Risk factors for Guillain-Barré Syndrome include:

• Campylobacter jejuni: This bacterium is one of the infections that precedes the onset of disease in the majority of GBS patients.
• Viral infections: Viral infections such as Cytomegalovirus (CMV), Epstein Barr Virus (EBV), Haemophilus influenza virus, Mycoplasma pneumonia, HIV and Herpesvirus can trigger GBS.
• Hepatitis viruses: Hepatitis A, B, C, and E viruses may also increase the risk of GBS.
• Vaccines: The risk of GBS, particularly associated with influenza, rabies, and tetanus vaccines, is very low. However, if GBS develops after vaccination, re-administration of the same vaccine should be avoided.
• Surgical interventions: In some cases, surgical interventions can lead to GBS.
• Certain medications: The use of certain medications may also increase the risk of GBS.
• Coronavirus infection and vaccines: COVID-19 disease or COVID-19 vaccines may also increase the risk of GBS in rare cases. However, it's important to understand that this risk is quite low compared to other health risks arising from the disease itself.

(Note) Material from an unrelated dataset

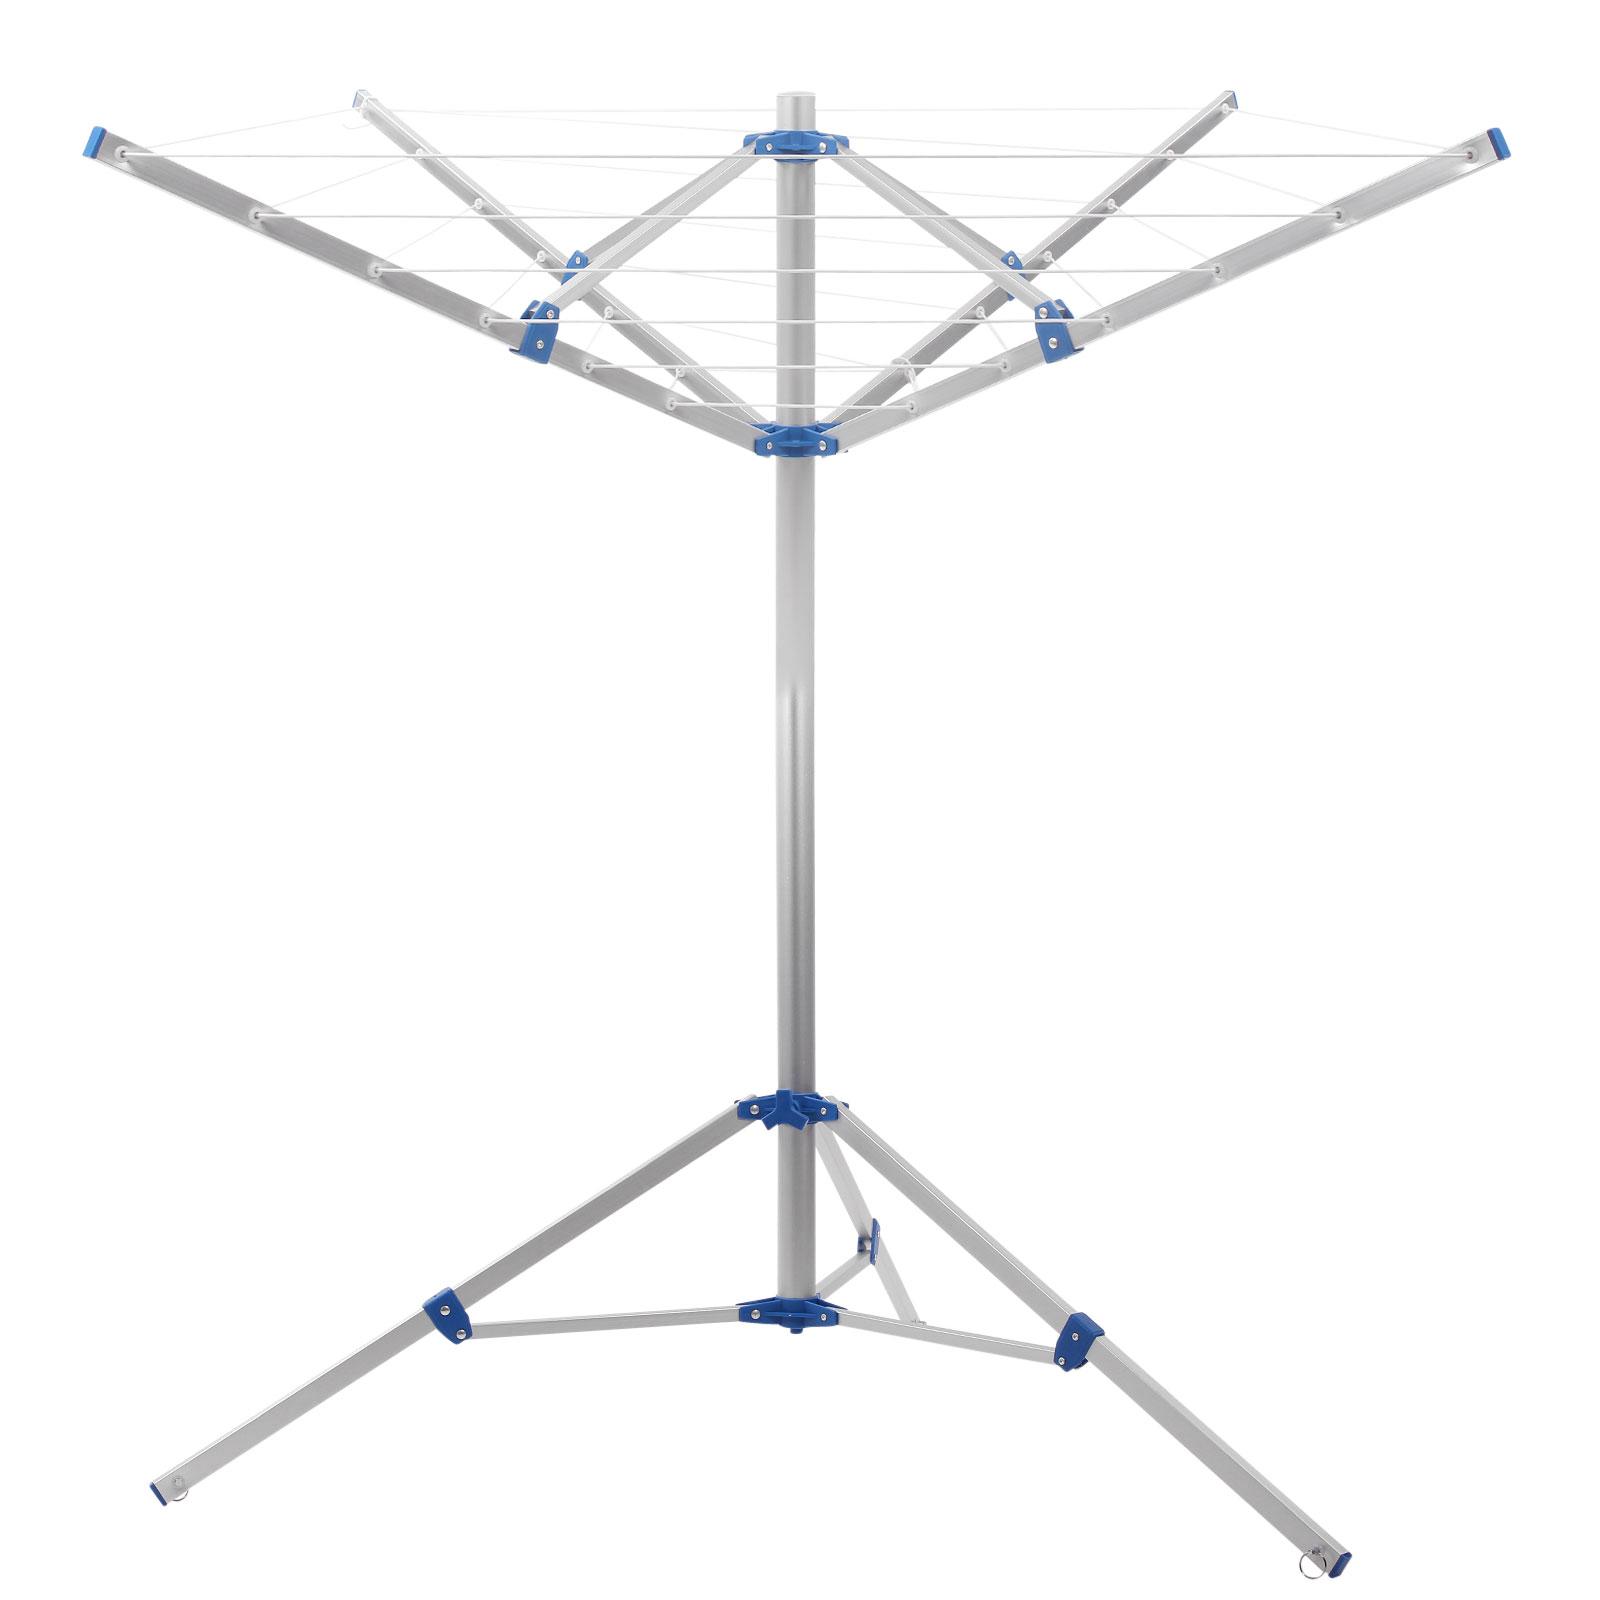 Camping Wäschespinne 15 Meter Leine, Spannweite 152 cm , Höhe 150 cm,Tragetasche

In summary, it is known that factors such as multiple infections, certain viral diseases, vaccines, surgical interventions, and certain medications may play a role in the development of GBS. However, the likelihood of these factors increasing the risk of GBS is generally low.

Does Guillain-Barré syndrome go away on its own?

Guillain-Barré Syndrome is a disease that does not heal on its own. Patients' condition is often serious and can be life-threatening. Therefore, medical intervention is necessary, and hospital follow-up under medical supervision is essential. Early diagnosis and treatment are critical in preventing disease progression and the development of serious complications.

Is there an alternative method that can help Guillain-Barré syndrome?

Treatment for Guillain-Barré Syndrome generally includes effective immunological therapies (IVIG and plasmapheresis) and supportive therapies (respiratory support, physical therapy, etc.). However, there are no known effective alternative treatments. Therefore, medical intervention and medical supervision are the primary treatment options for GBS.